Disabling Anti-Virus Scan of Database Files

For higher performance, disable your anti-virus from scanning the database files in the server directory.

Checklist: Starcounter in Production

  1. Always have enough spare space for the database log files and images on your hard-drive: 2-3x RAM.

  2. Install task to clean .log.bak files in Windows Task Scheduler. Avoid disk overflow with .bak files that you don't need! Verify that the task is actually executed as expected, since you might miss certain task settings so that Windows disallows it to run.

  3. Verify that a VSS-based backup routine is set. Always perform backups on a regular basis. Ensure that backup goes to a separate drive or to several independent drives. Please always remember that if you copy those files to a separate machine and use it as a failover replica, that replica is asynchronous!

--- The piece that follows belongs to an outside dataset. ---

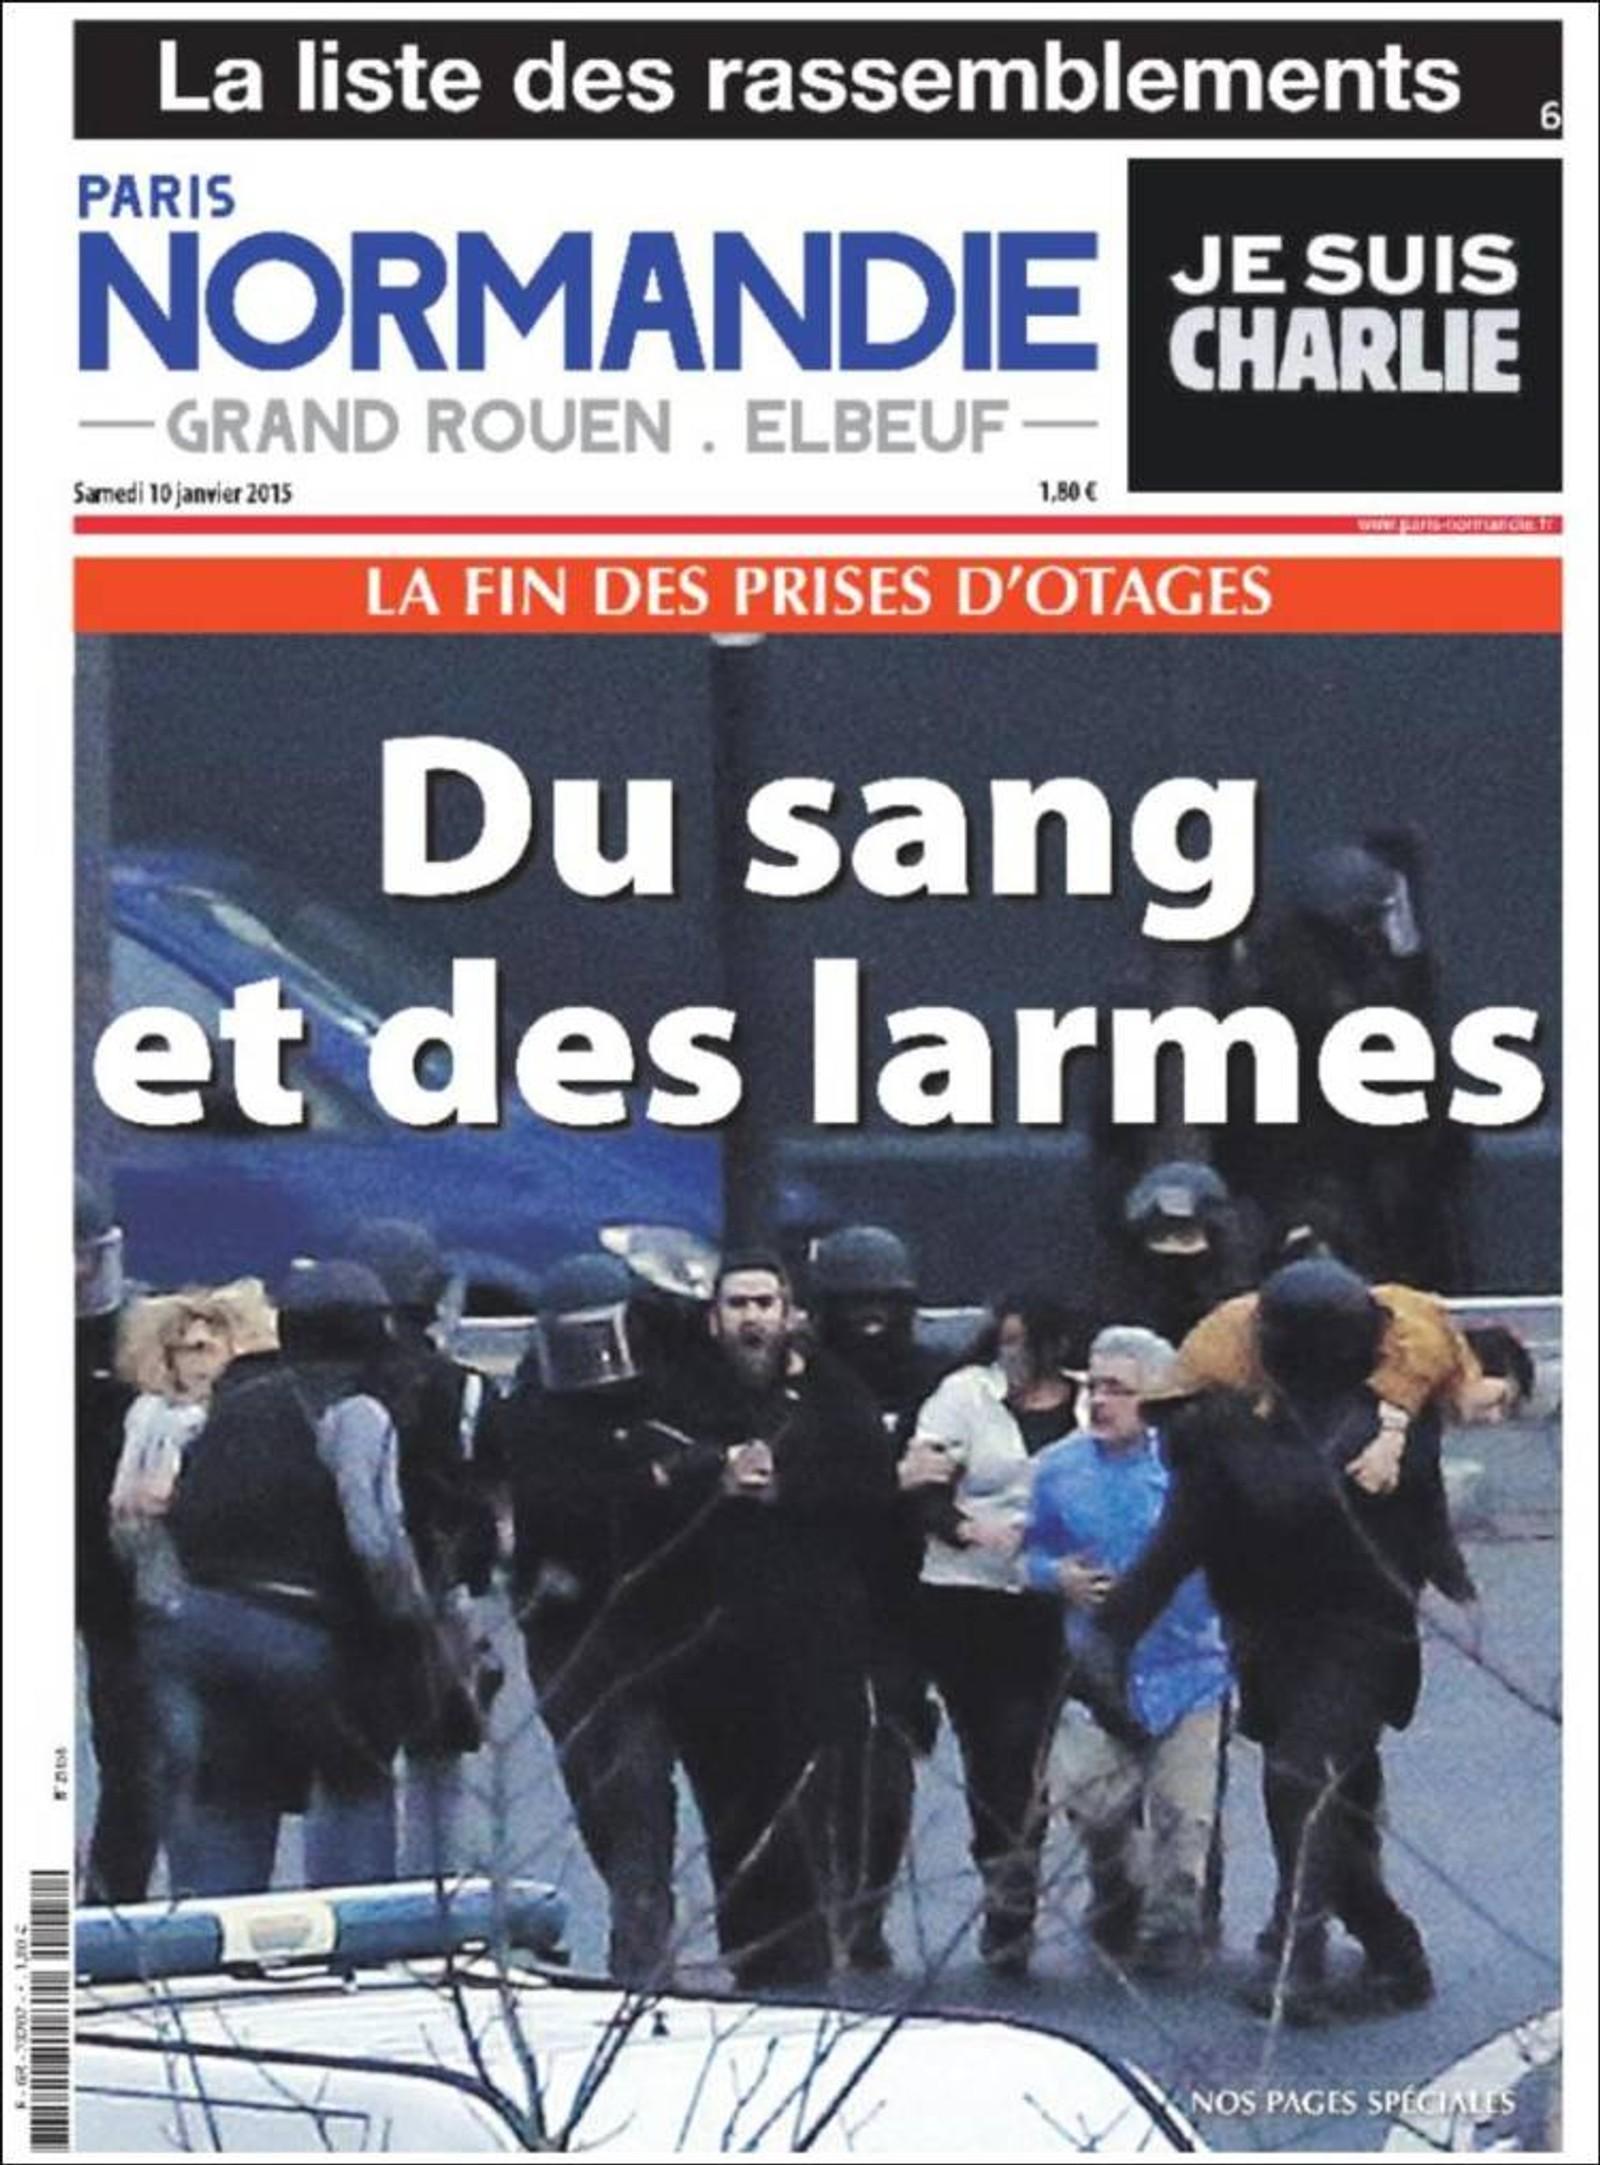 Paris Normandie: Av blod og tårer.

  4. For hot (seamless downtime) failover: consider synchronous replication (or adjustable asynchronous replication, when applicable in your business domain) with Windows Server 2016 Datacenter Edition Storage Replica and Failover Cluster features, or 3-rd party solutions available.

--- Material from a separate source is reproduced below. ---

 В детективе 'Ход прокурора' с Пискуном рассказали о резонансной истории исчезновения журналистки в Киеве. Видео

  5. For hot asyncronous failover: consider running Starcounter is a VM over Hyper-V hypervisor with Replica feature. This also enables a convenient backup scheme: the replica will be the backup of the recent point-in-time for the master machine.

  6. For warm (seconds downtime) synchronous failover: consider shared disk setup (SAN or NAS + round-robin front-end machine). Assert that there should always be a single master in such scheme: only one machine at a time can be active, several machines must not write to the same data files on a shared disk! As a commodity alternative, Microsoft Windows Server 2008, 2008 R2, 2012 and 2012 R2 provides a new feature called cluster shared volume. Coupled with Hyper-V Failover Cluster

  7. Running on-premise: consider RAID-1 as a failover tool. The failure rates of modern HDDs vary from 1% to 10%, hence running some RAID-based solution is a necessity. In case of a cloud provider, most likely it will take care of making your data secured for hardware failures. However, problems occur in clouds sometimes, so you should care of backing up your data in the cloud environment.

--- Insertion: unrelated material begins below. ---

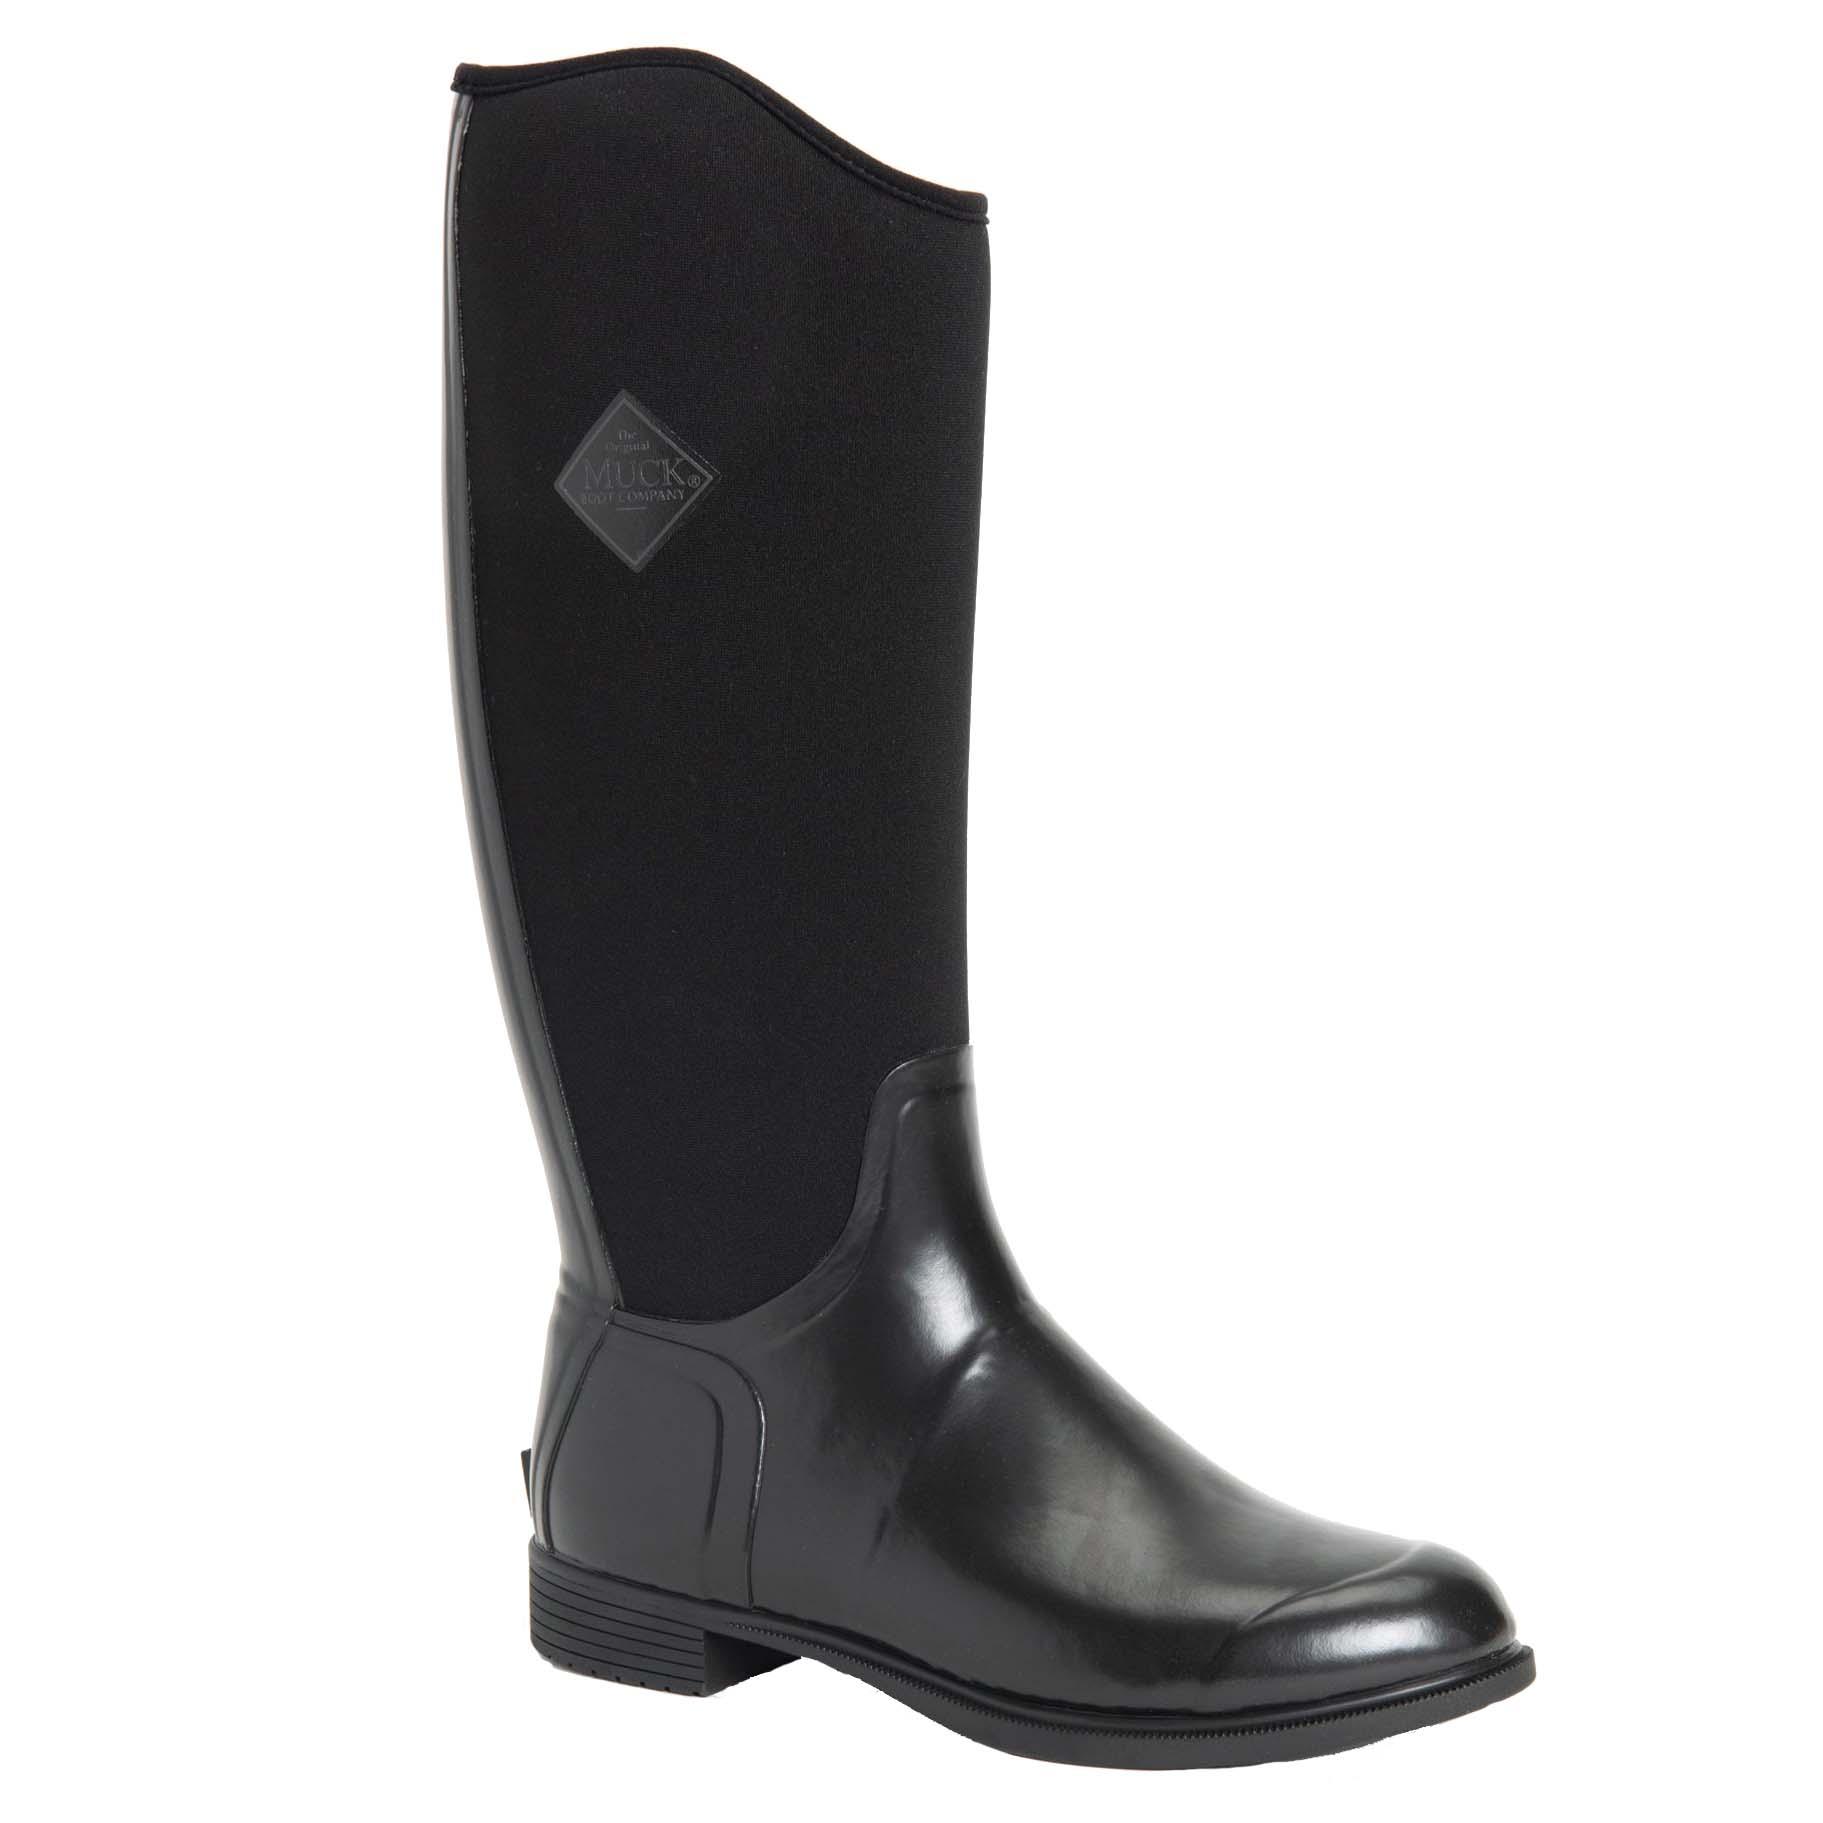 Muck Boots Derby Tall zwart maat:5

Please always remember that your data is one of your most important assets! Implement the proper strategy for backup, failover and disaster recovery from day one. Using advices from the article, you can make your data safety strategy gradual. First of all, start with simple Shadow Copy backups. Use Dropbox for Business and asynchronous cryptography (with private and public keys) to store terabytes of backups for just hundreds of dollars per year. If you run Starcounter in a cloud like Amazon, then you most likely run Windows Server 2012 R2 Standard, which ships with Failover Clustering role out of the box. Use the facilities like Failover Clustering that go for free with your operating system. Create a simple Failover Cluster with one master machine and one hot-standby machine which would always be a replica of your master machine. Store your database image files on a Cluster Shared Volume, so that the hot-standby machine will continue to run on exact the same data. It will take some seconds for the replica machine to start Starcounter (since two machines cannot open the same database at one time), so the resulted failover will be warm. However, today you can achieve true synchronous hot failover using Windows Server 2016 Storage Replica (Datacenter edition is required).